Each elementary particle has an antiparticle, following Dirac’s equation. In a superconductor, the creation operator, γ†, and the annihilation operator, γ, for quasiparticles at energy E obey the following relation: γ(E) = γ†(−E). In the middle of the superconducting gap, where E = 0 (Fermi level) there can exist a quasiparticle for which γ = γ†, the annihilation and creation of a particle are the same operation and hence this particle is its own antiparticle – Majorana fermion. To create Majorana modes one needs a ballistic semiconductor nanowire with strong spin-orbit interaction that is in the proximity of a conventional superconductor, and the Majorana modes can be realized at the ends of the nanowire.

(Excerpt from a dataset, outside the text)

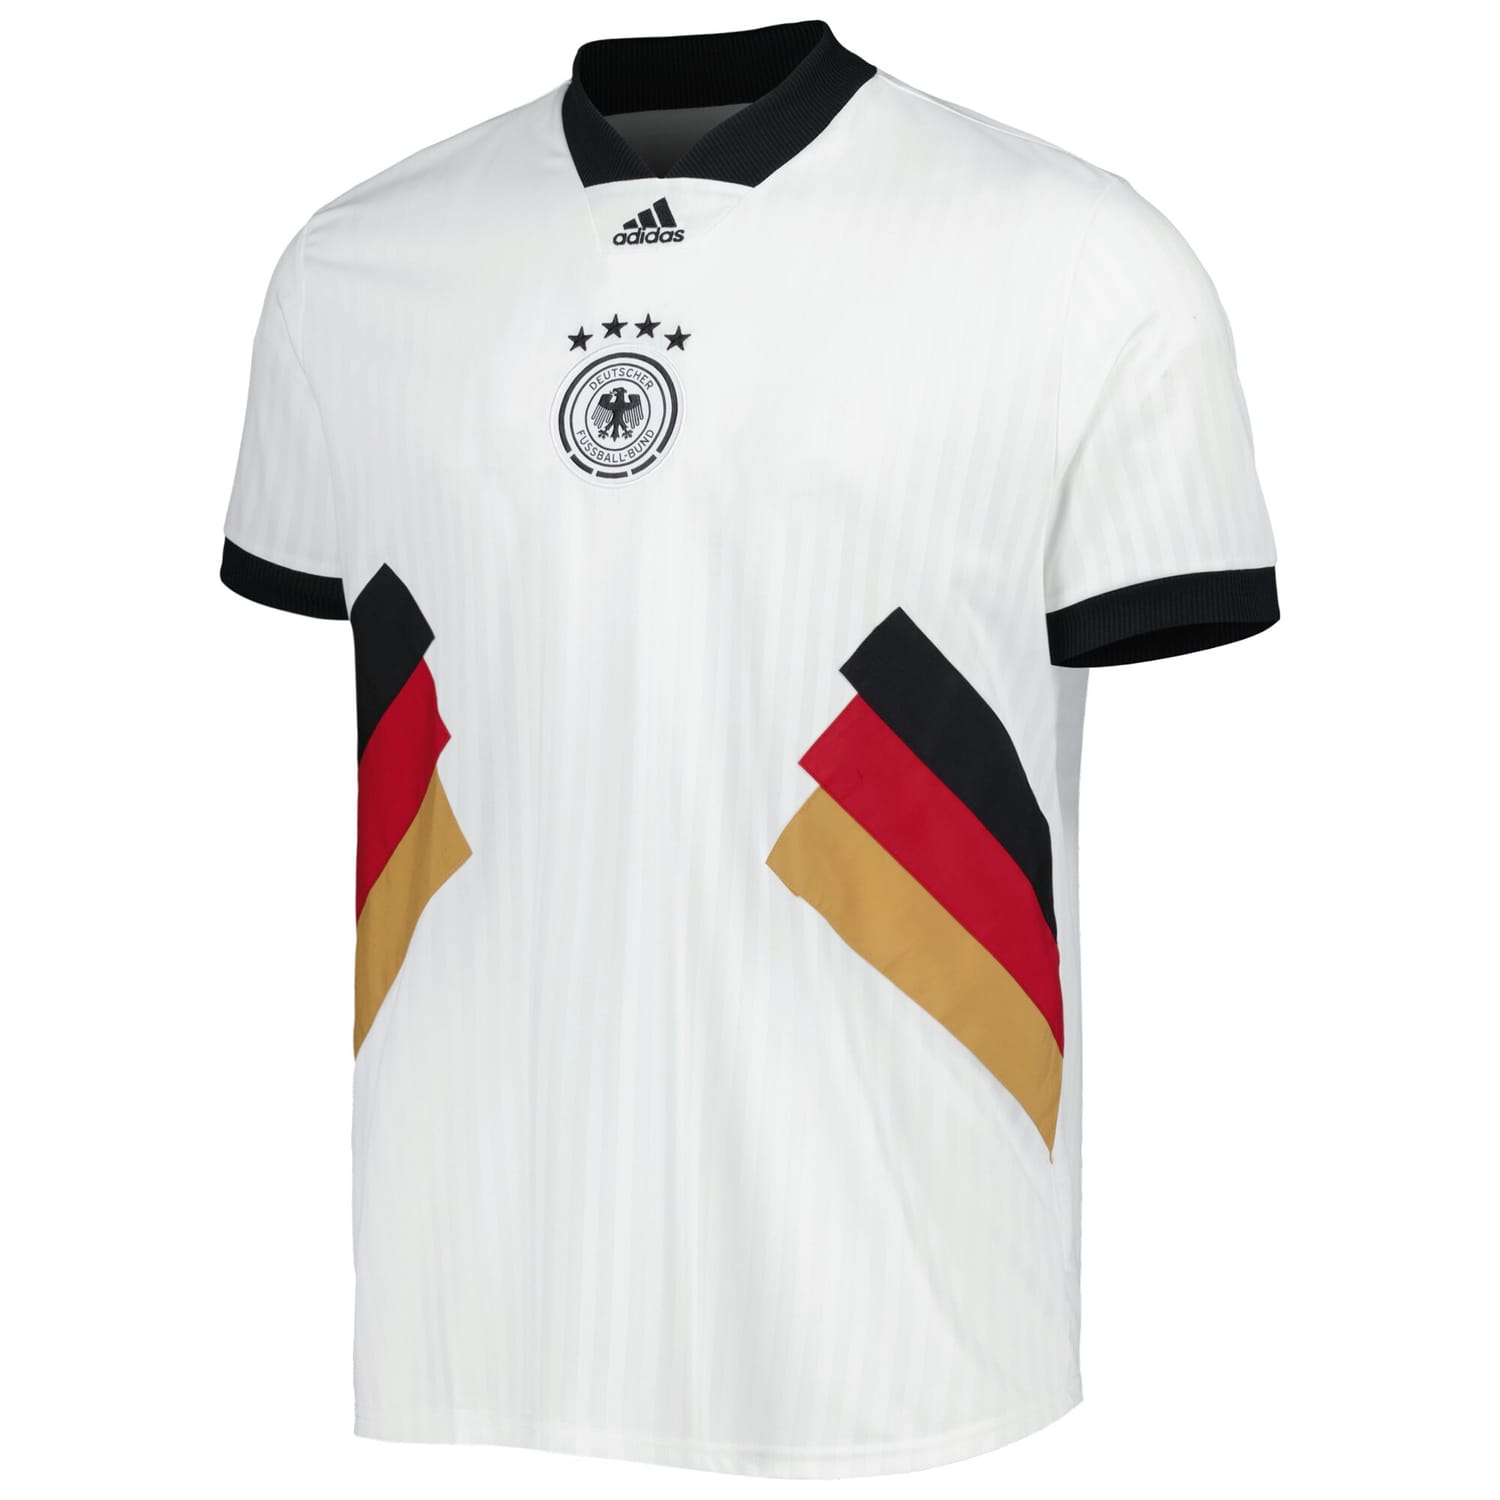 Germany National Team Jersey Shirt White for Men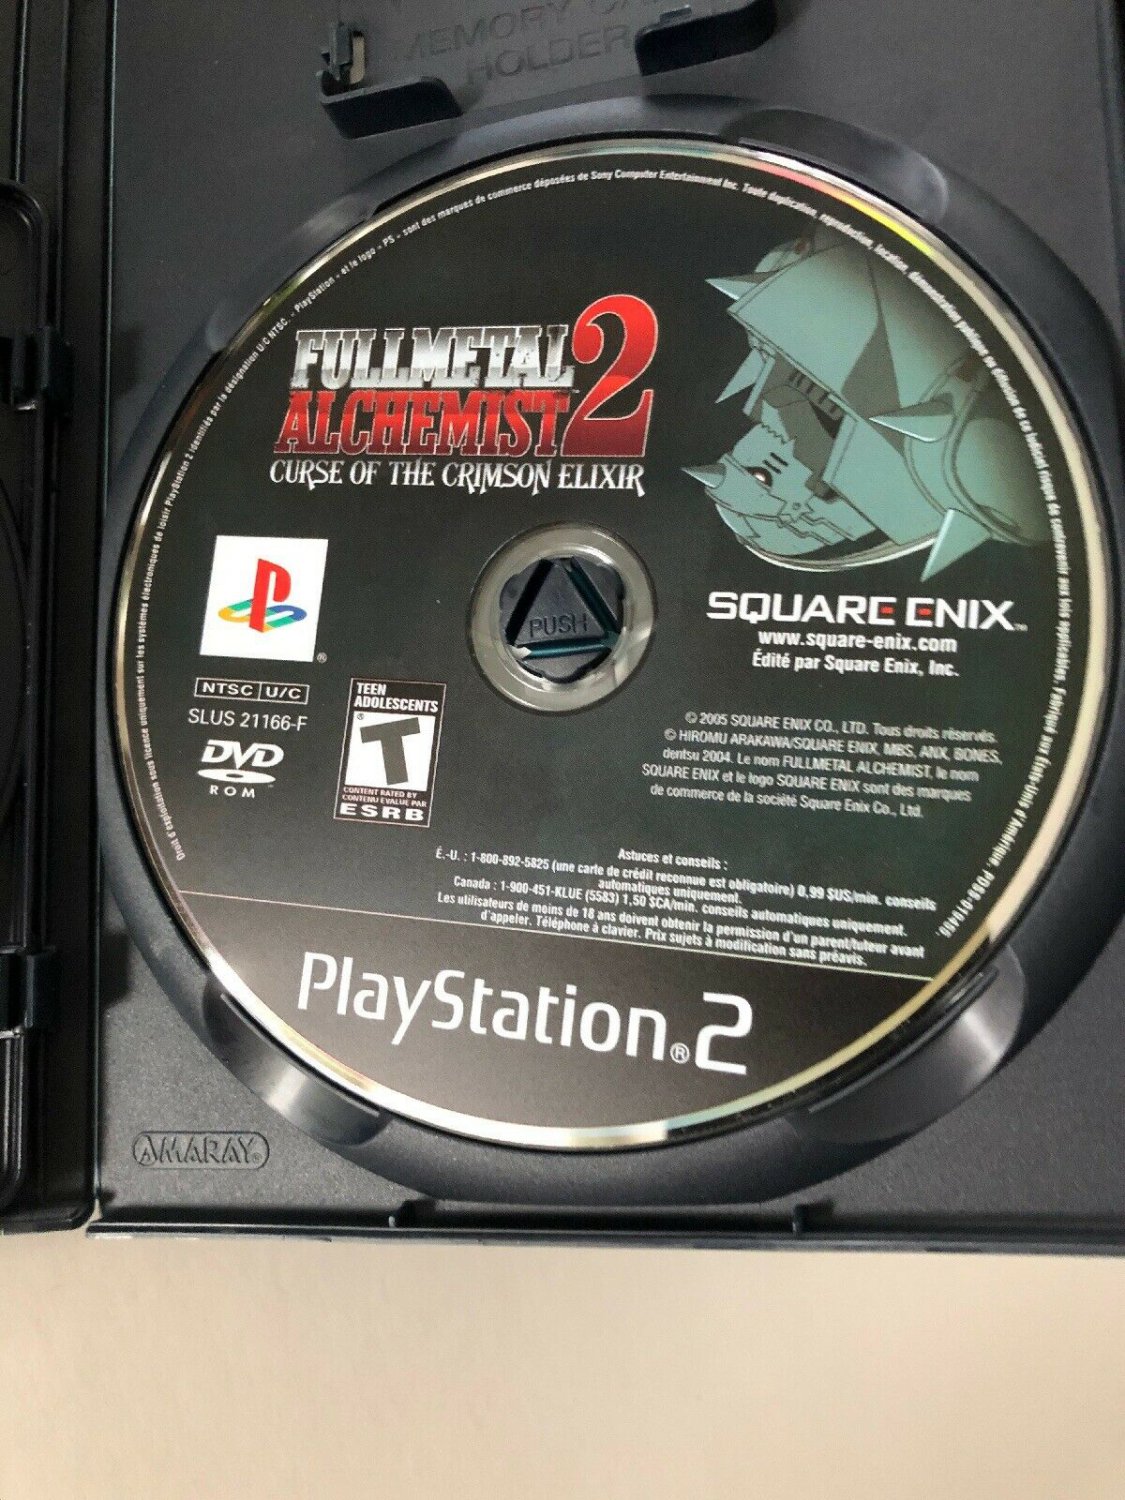 Fullmetal Alchemist 2 Curse of the Crimson Elixir (PS2) 2 disc set ...

A pair of Majorana bound state forms a two-level system and hence a quantum bit (qubit). In qubits encoded in Majorana fermions, the information is stored in a topological property of the system. This protects the information from decoherence. The very same fact also makes it very challenging to control and coherently transfer the information into and out of the system once we need it. Superconducting qubits (solid state electrical circuits based on Josephson junctions), on the other hand, are easy to control, read out, and couple together. A fascinating idea is to put together a superconducting qubit with Majorana fermions and form a two-qubit hybrid quantum system that leverages the advantages of both qubits via their coupling. The superconducting qubit is used to read out the Majorana states, while the other qubit may act as a local quantum memory. Hence, this hybrid system can be used as a building block for a full-scale quantum computer which demands a physical qubit that is scalable, has a well-defined initial state, and brings together coherence with reliable control and read-out.